The property at 3327 Rutledge St. is especially distinctive: It's a one-bedroom, two-bath house with 960 square feet, three stories tall but only 8 feet wide, with a gunmetal gray exterior that cuts a sharp profile on its 6,011-square-foot triangular lot overlooking a set of train tracks.
The Rutledge Street home is built a concrete pier foundation, with an interior featuring original container walls and ceilings in some areas. The original container floors are painted and polished.
The building is insulated with a closed cell spray foam, and zoned with three energy-efficient mini AC systems, one for each floor.
The bottom floor can be used as gym, office, or workroom. The second floor has the living space, and the third floor has the sleeping area.
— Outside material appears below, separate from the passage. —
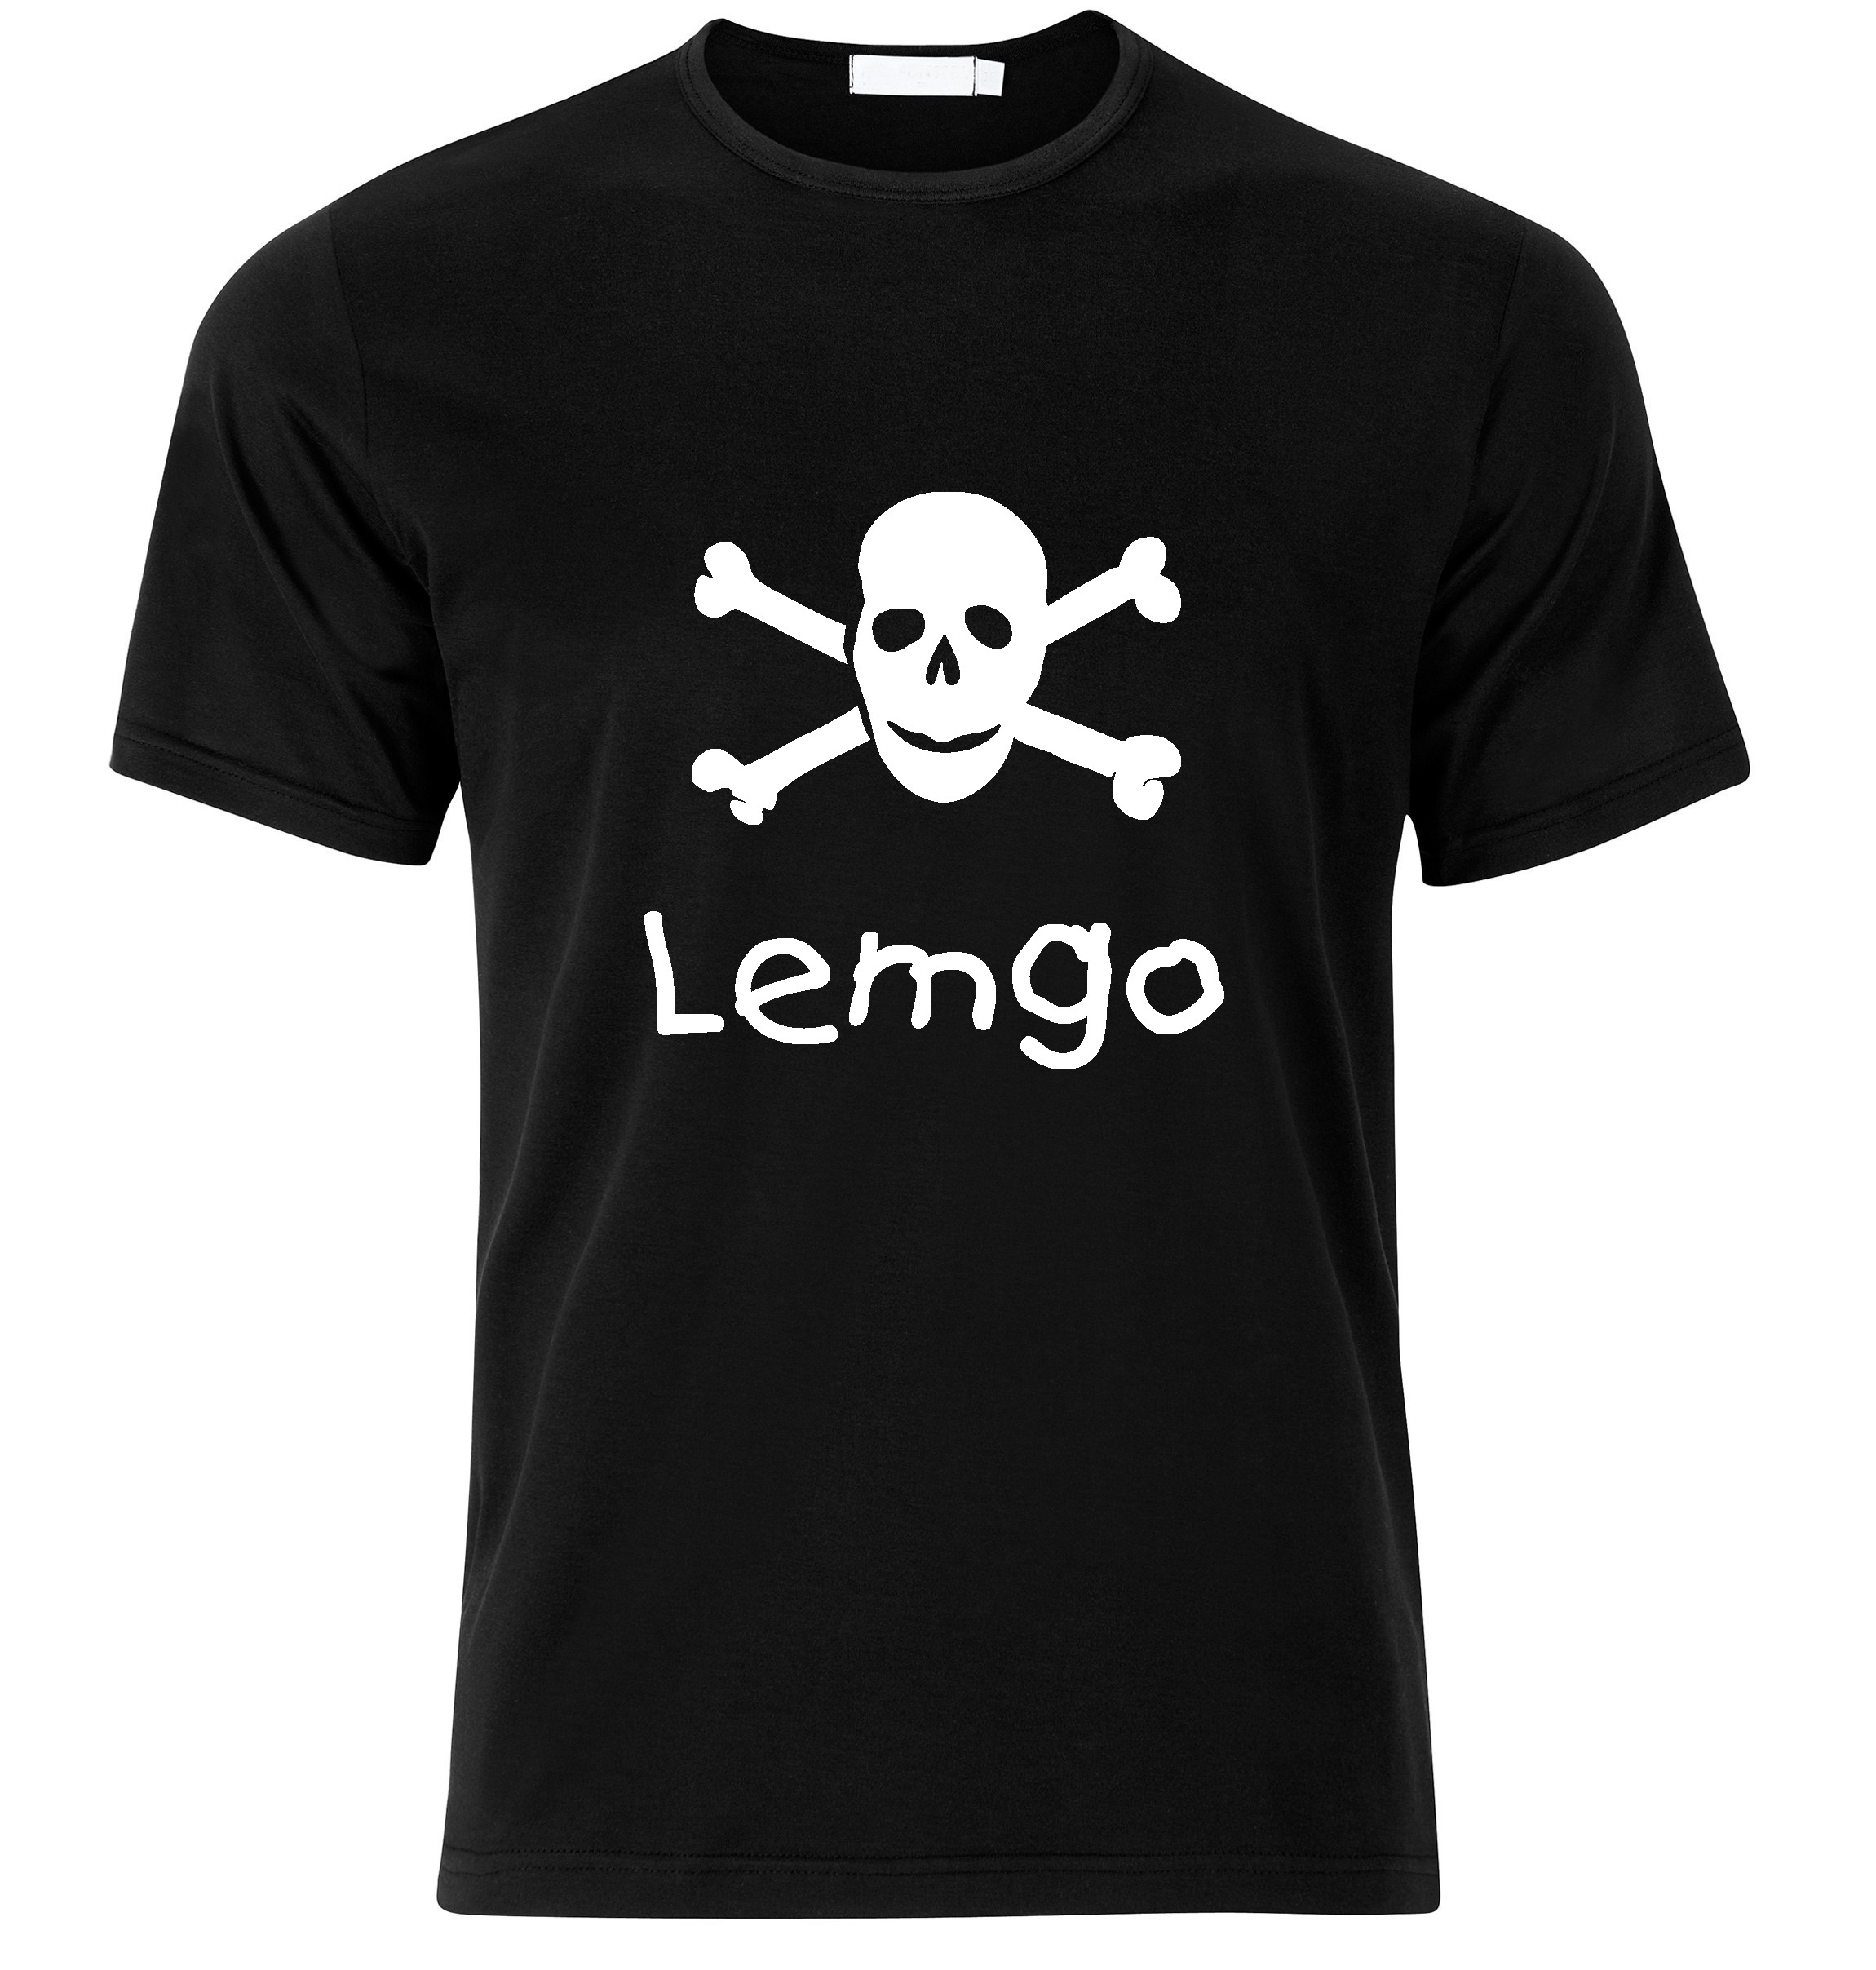 T-Shirt Lemgo Jolly Roger, Totenkopf

Texas is no stranger to shipping container structures, from hotels in Fredericksburg and Round Top, to bars in West Dallas, to BBQ joints in North Dallas. The most famous shipping container residence in Texas has to be PV14 in East Dallas, the architecturally significant home overlooking White Rock Lake. DFW also has two affordable container communities in the works: one in McKinney and another in southeast Dallas.
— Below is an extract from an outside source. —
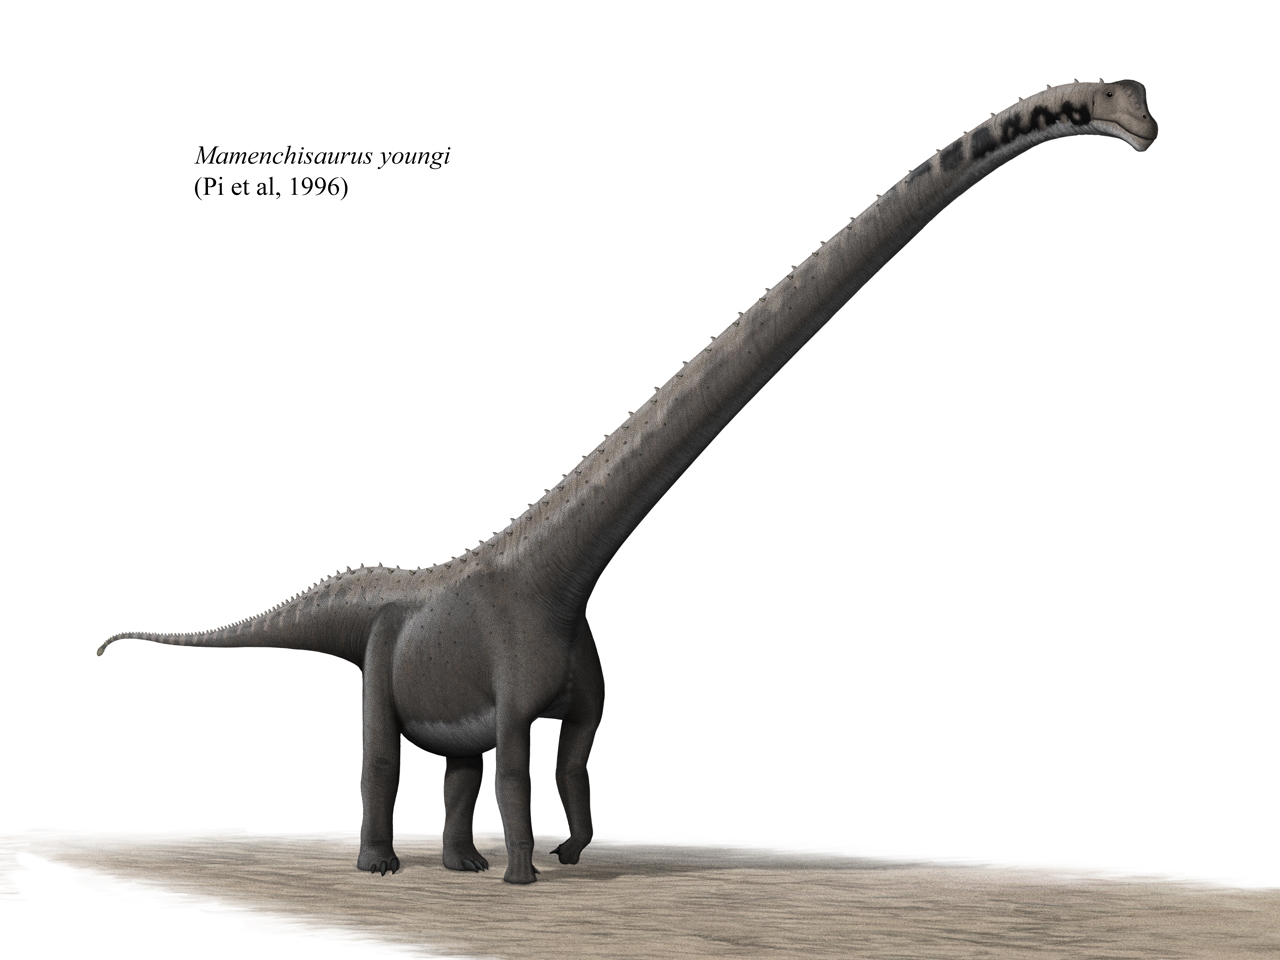 A Mamenchisaurus youngi rekonstrukciója. Forrás: Wikipédia

Bennett built his first one in Belize, where he is a frequent visitor.
"I had the idea to buy a lot and build something inexpensive on the water," he says. "On the north end of the island, there's a little spot called the Truck Stop, that has really wild painted containers, and I thought it was cool. I built one in San Pedro that was two containers wide — 15 feet wide — and 40 feet long."
A few years ago, he caught wind that Fair Park was probably going to become more valuable, so he bought a couple of lots.
"I started to think that the area could support something more expensive, and one thing led to another," he says.
At one point, he resided in one of them and he's also rented them out as an Air B'n'B.
"I do have a contract on the three-story one, but will it appraise?" he says. "The appraiser can't find any other container houses to compare it with."
With the market going crazy right now, his shipping container adventures are, for the moment, on hold.
"I love doing them and wish I could continue," he says. "I don't know how in hell I got into steel boxes. Maybe it's that my mother would never let me play with Legos, so now I'm playing with big boy Legos."